Esa sensibilidad ustedes la vierten en la «familia» humana.

Exacto. En el manifiesto que inspiró a las mujeres de Acción Católica, pioneras absolutamente vanguardistas, ya se ve esa cualidad. Y en nuestros proyectos de desarrollo una de nuestras principales líneas es la de la promoción de la mujer. Para muchas, la falta de oportunidades de tener una vida digna es brutal y sentimos esa empatía hacia ellas. Y también hemos experimentado que cuando se acompaña y apoya el desarrollo de las mujeres se crea un tejido social mucho más fuerte.

¿Cómo tomar conciencia desde la orilla opulenta del planeta?

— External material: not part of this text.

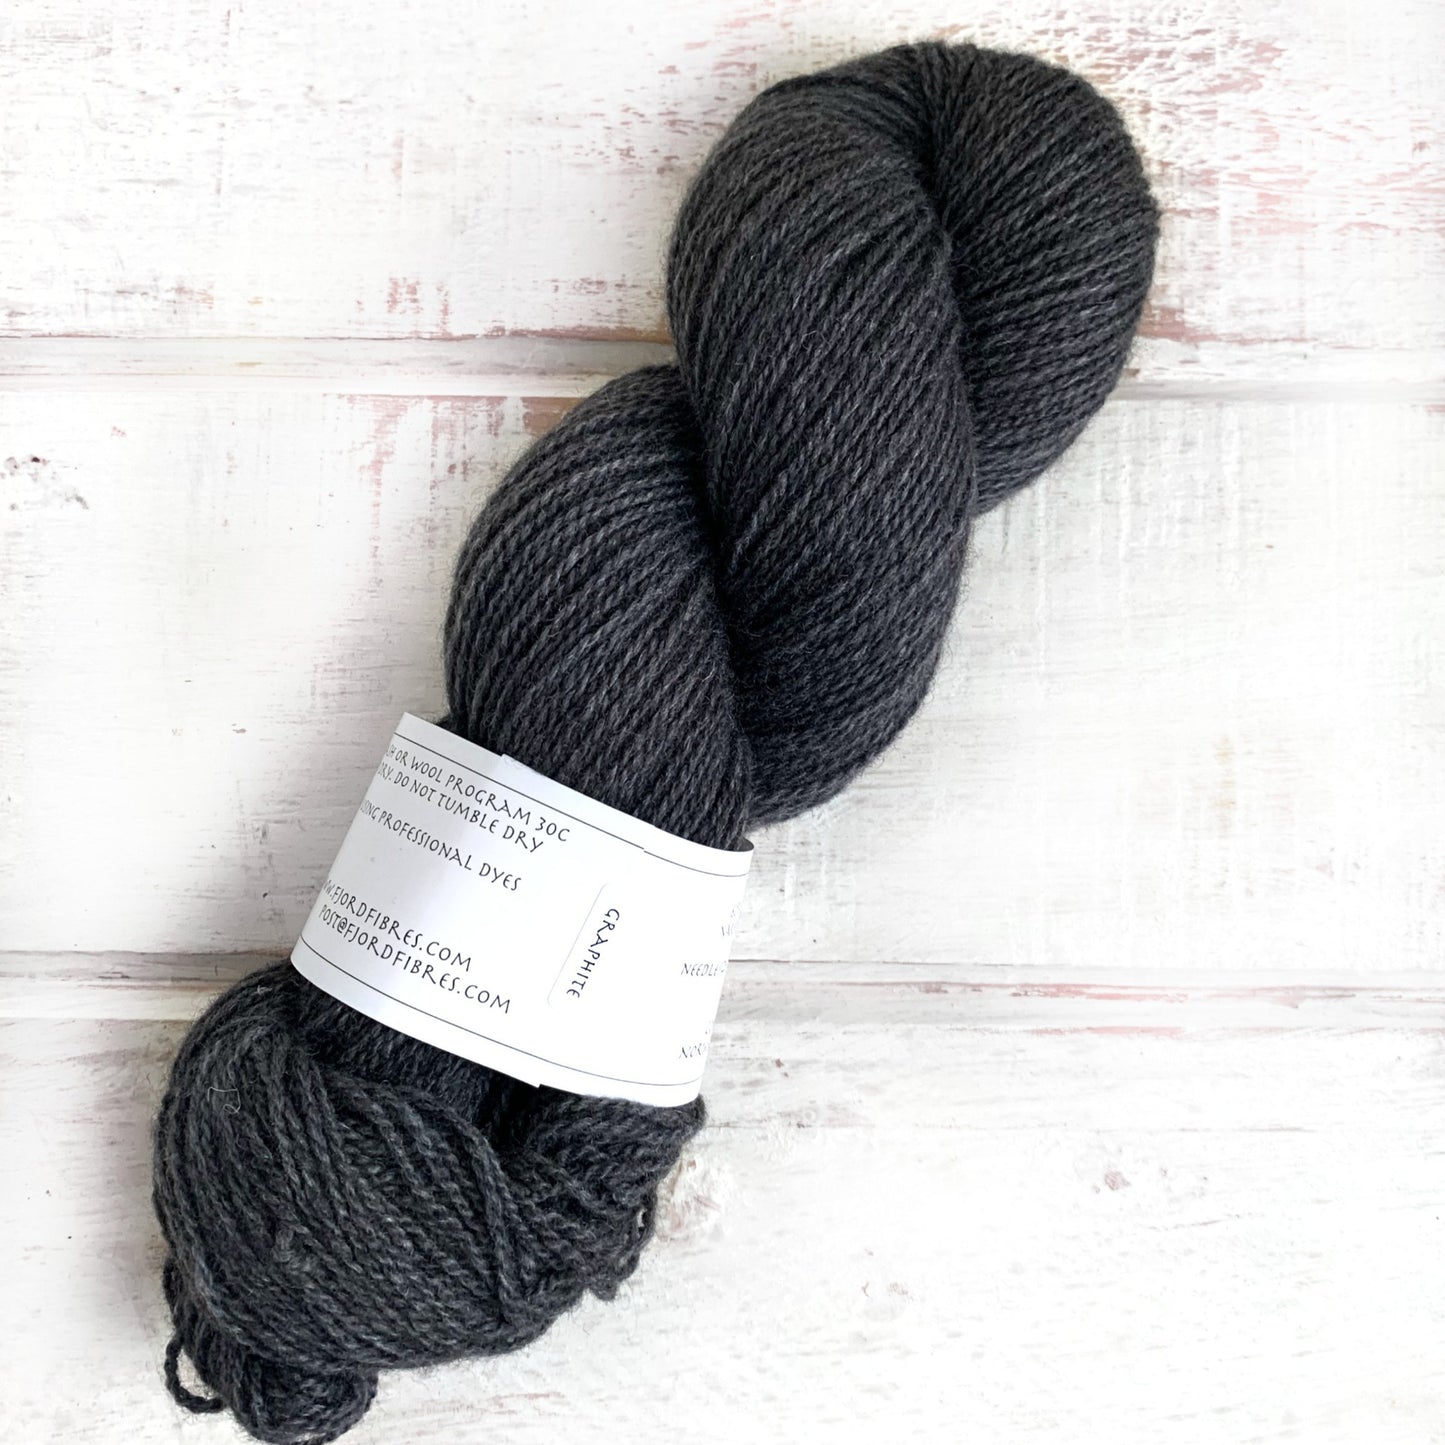 Graphite - Trollfjord sock - Hand Dyed Yarn - Tonal Yarn
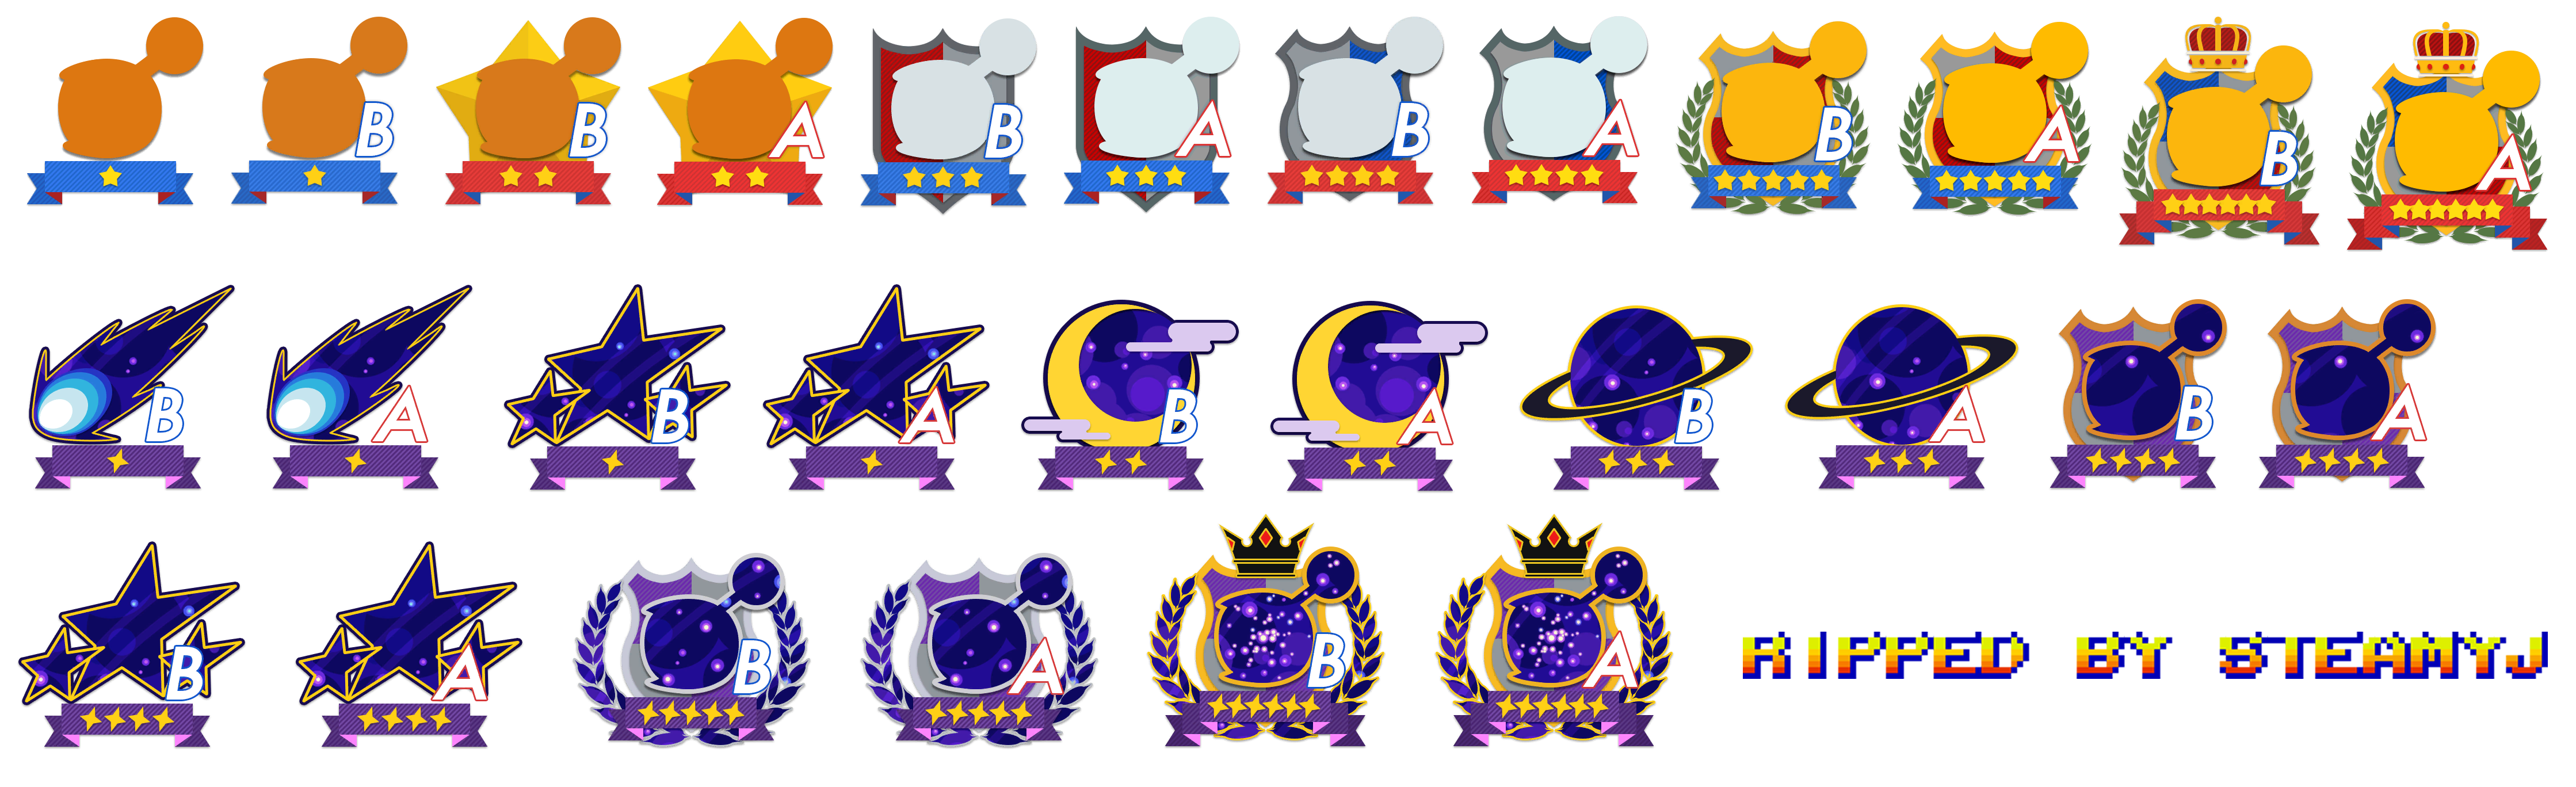 Super Bomberman R - Rank Icons

Sólo es posible si transformamos nuestros hábitos y nos hacemos mucho más austeros. Es importante mantener iniciativas como el Día del Ayuno Voluntario. Si un día dejas de comer no te va a pasar nada, te acordarás de los que pasan hambre y además aportarás esos recursos. Un misionero nos contaba: «A mí ya cuando era pequeñito mi madre me decía: "Hoy no comemos por Manos Unidas"» y él se preguntaba: «quiénes serán estos de Manos Unidas que me dejan sin comer». Ahora es una persona que da su vida por los demás.

¡Y sólo se le dan titulares a la Iglesia por los casos de pederastia!

Eso me produce tristeza. El Papa ha pedido perdón porque a lo mejor no había sido lo suficientemente vigilante, y por supuesto que hay que afrontar la situación, pero únicamente se habla de eso. También en Manos Unidas nos pasa cuando se debate sobre el sida, que sólo se menciona a la Iglesia en contra del uso del preservativo cuando en nuestra organización vivimos testimonios de auténticos héroes que en situaciones de guerra no abandonan a las comunidades y que cuando todos los demás se van ellos siguen ahí. Son la única esperanza para esa población, ofreciendo retrovirales, evitando el contagio vertical de madre a hijos, acogiendo a los huérfanos y a las viudas...

-¿Hay mucho solidario de charanga y pandereta?

-Bueno... Yo me limito a hablar de instituciones como Manos Unidas y otras muchas que hacen una labor de peso.

-¿Por qué se enquista el hambre en el mundo?

-Es una cuestión difícil. Aunque ayer la FAO dio unas cifras un poco esperanzadoras (de 1.020 millones de personas que sufrían hambre hemos pasado a 925) todavía son demasiados. Y hablamos de personas, con sus proyectos de vida, con sus familias... Es dramático. Pero como las pioneras de Acción Católica decían, el único verdadero obstáculo para ganar la batalla al hambre es el de pensar que la victoria es imposible.

-Estudió Historia del Arte y ha trabajado en gestión de patrimonio. ¿Añora algo de aquello?

-Me dediqué a la arqueología y pasé luego a la Fundación de Amigos del Museo del Prado. Y es verdad que ahora a veces echas de menos tener tiempo para ir a una exposición, pero he cambiado las obras maravillosas de la creación del ser humano por esa obra de arte inigualable que son las personas creadas a imagen y semejanza de Dios.